Member Perspective: The Future of Defense Supply Chains and NDTA

Feb 3, 2020 | From HQ

In my role as Chair of the Cybersecurity Best Practices Committee, NDTA asked for my best shot at predicting the role of defense supply chains and our association’s role 25 years from now on our 100th anniversary. I turned to my younger generation colleagues, Chiderah Okoye and Tom Fellows who actively support the committee. Together, we’re dedicated to NDTA’s mission and care about the organization’s future, but none of us are forecasters. We also know that anyone’s predictions will be off the mark given the broad time frame and topic. Despite those caveats, we would bet on four points looking back from 2044. Right or wrong, we hope the four points will provoke useful discussions along the way.

Redefining the Industrial Revolution.Customers in 2044 will still want the right products and services, at the right time, in the right place, in the right condition and quantity, and at the right total expense. What will change is the physical and cyber environment surrounding those needs. Our 2019 networks will seem painfully disconnected by comparison to 2044, and the next 25 years will change everything again and again through network collaboration. We can describe those changes as a fourth industrial revolution and beyond. In this perspective, steam engines drove the 1st industrial revolution, electricity drove the 2nd, computers drove the 3rd, and intelligent networks will drive a 4th. Connected global assets already disrupt today’s supply chain market leaders and military powers at a staggering pace. Those disruptions will intensify as the connections accelerate here on earth and increasingly in space. Free market economist, Joseph Schumpeter, referred to these disruptions as creative destruction. Applied effectively, the long run societal progress of those disruptions will be positive for the natural environment, individual employment, health and well-being, wealth distribution, and global cooperation.
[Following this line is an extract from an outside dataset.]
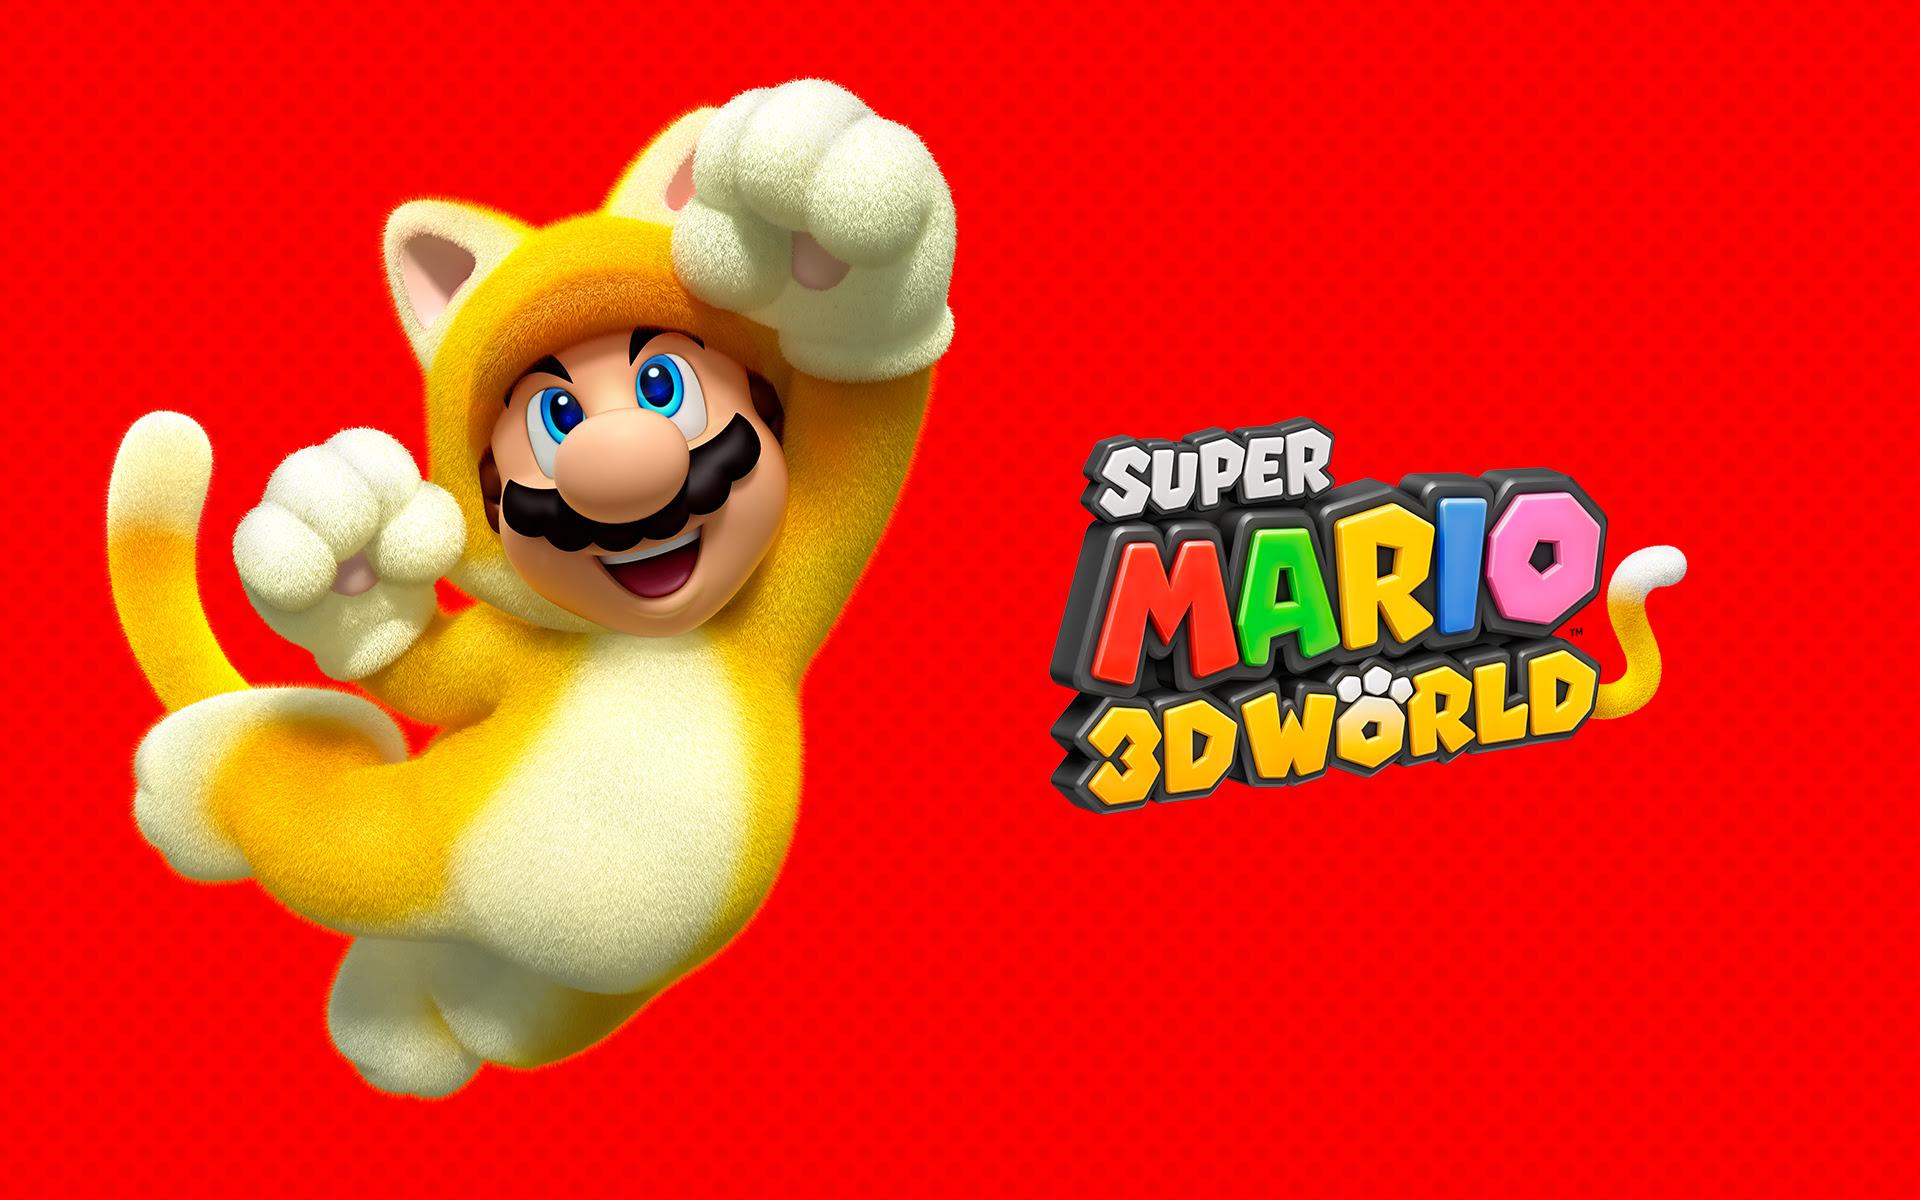 Super Mario 3d World Nintendo Wallpaper 36226221 Fanpop

Holding it together through creative destruction. Long run aside, plenty will get worse until safeguards come into place. High-tech exploitations will proliferate in new ways every day through connected global resources, big data analytics, artificial intelligence and machine learning, and the anonymity of distributed transaction ledgers, smart contracts, and autonomous vehicles. Earlier industrial revolutions were plagued by mass production without the necessary protections for safety, standards, compensation, and the environment. The absence of cyber protections and responses in the fourth industrial revolution will spawn new misuses and weaponization of networked intelligence. Consequently, at all levels, resource-constrained organizations and governments will face existential threats. In particular, individual and state-sponsored bad actors will leverage networks to spread infrastructure attacks and shutdowns with unprecedented efficiency and effectiveness. Likewise, tightly coupled networks make for winner-take-all systems that will overcome organizations and nations that fail to cope or compete.

Upskilling as a national priority for cybersecure growth. To reduce the negative fallout from the fourth industrial revolution, NDTA will be part of the mobilization to make adult upskilling a national and international priority for cybersecure growth. The U.S. will support applied learning and teaching that enables each of us to benefit more from artificial intelligence which augments our own intelligence. At the same time, we’ll evolve the protections and responses to better prepare and defend the U.S. and our allies. As we extend our sophistication of defense logistics, our moral and intellectual shortcomings as humans will become that much more apparent. However, we will discover how networks can help each of us more fully engage the power of our brains and our nature which will always possess capabilities that outpace the most powerful supercomputers. Those looking back from 2044 will be struck by how little of each person’s creative potential was understood, appreciated, and engaged back in 2019.

NDTA’s roots coming out of World War II will still be our strength. With our educational mission, NDTA in 2044 will be at the forefront of another new era in defense logistics. As the U.S. strives to become a more perfect union, our nation and our allies will increasingly depend on NDTA’s understanding to support our unique reliance on public-private collaboration in the defense supply chain. While names and terminology will certainly be different from 2019, one constant will make our organization more vital than ever in 2044: our ongoing commitment to looking ahead and incorporating the lessons we’ve experienced every year since 1944.

By Ted Rybeck, Chairman and CEO Benchmarking Partners, Inc.